The characters in the book are interesting. Our protagonist and narrator is Aaron Sheridan, a cadet recently deployed to Corinth Station. His only friend for now is Sebastian, a shy young man who happens to be a tactical genius. They are sucked into the cutthroat world of Corinth Station's politics, where various factions of students wage covert warfare against each other. On the one hand, there is a faction of students led by Brandon and Pierre, who initially befriend Aaron after warning him about an attempt on his life. They are fighting against their resident Student Officer Caelus Erik, a master manipulator and schemer, and his attack dog Lieutenant Taryn Miller. Aaron is torn between the two sides, since neither of them seem particularly trustworthy. The characters are, overall, very well-developed and show how people adapt to brutal conditions like those on Corinth Station.

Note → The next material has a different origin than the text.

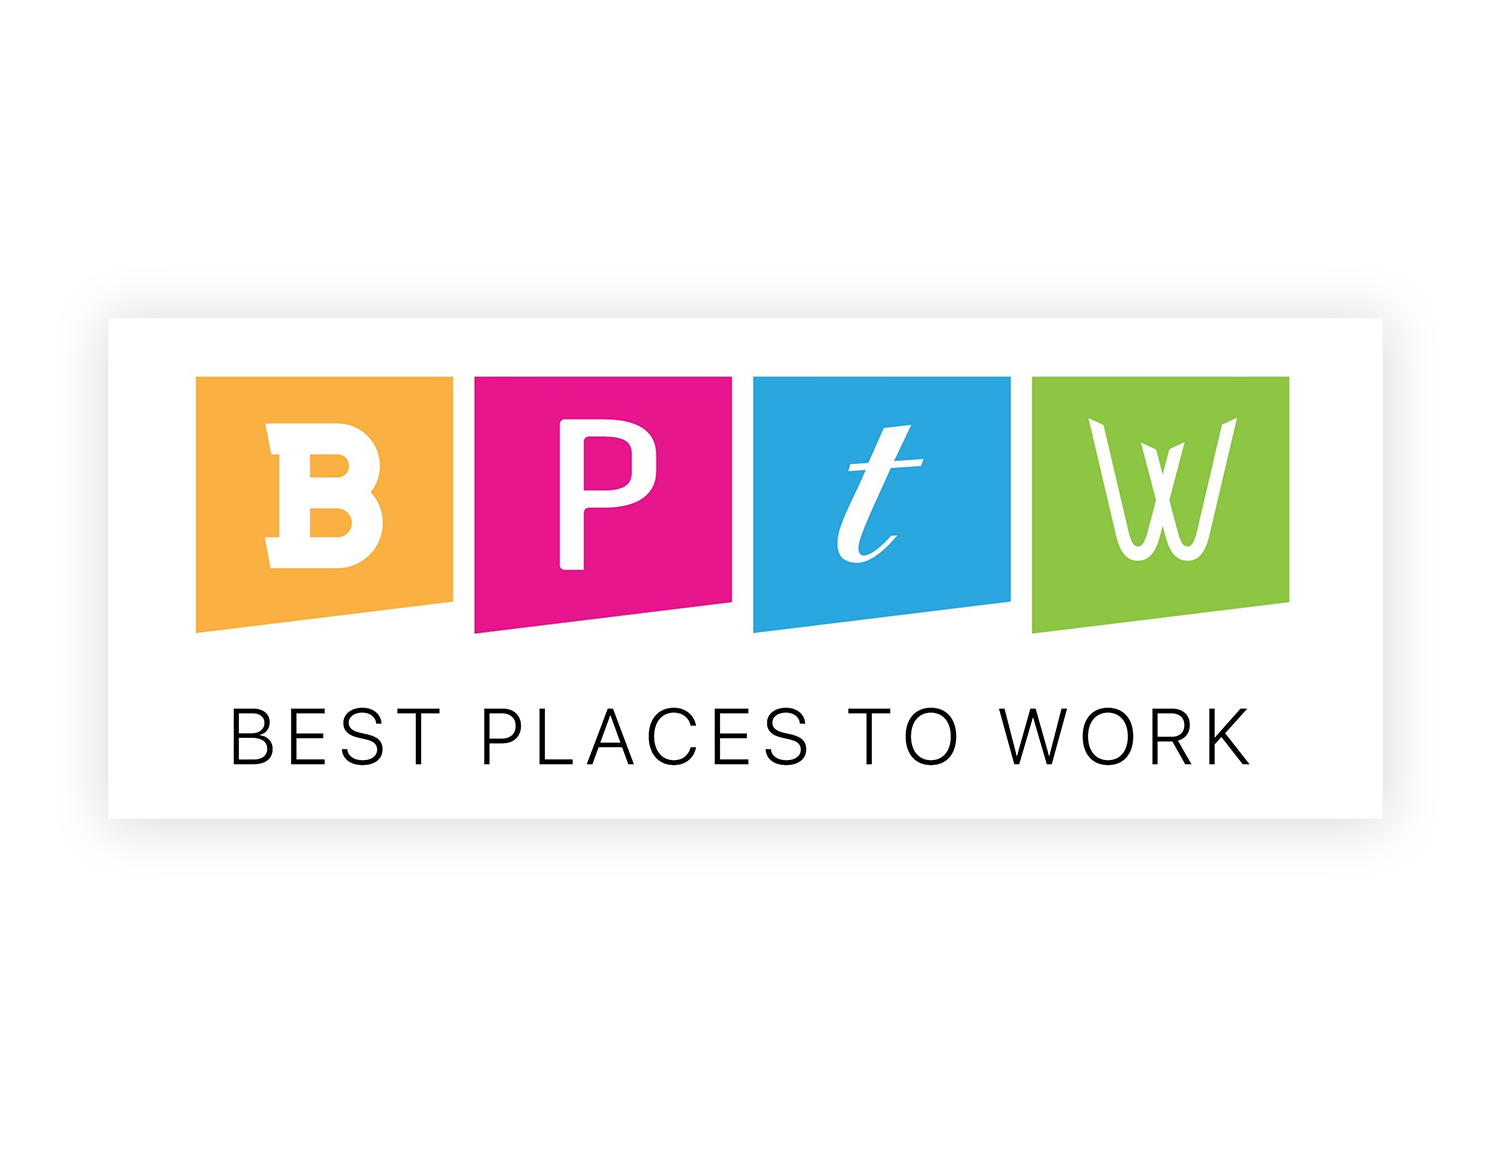 Image - BPTW logo

The setting is very well thought out. Humanity has spread out across the galaxy, forming the Confederation, a military and economic alliance that is currently fighting against a parasitic alien race known as the Verex. As you can probably infer from the title, Mars has been successfully terraformed, while Earth is implied to be undergoing severe desertification. The Martian government uses what is known as Mylan Chips, small devices which have the ability to read the thoughts of the person they are implanted in and transmit them back to the government if they show any signs of innovation. However, interference from the nebula that Corinth Station is located in prevents the chips from working. There is definitely something sinister going on in Corinth, given the sheer negligence displayed by the command staff (students do get severely injured and die fairly frequently, and the higher-ups barely raise an eyebrow at it), as well as the large number of top scientists stationed there.
Overall, this is an intense, brutal science fiction story featuring an interesting cast of characters and an intriguing plot.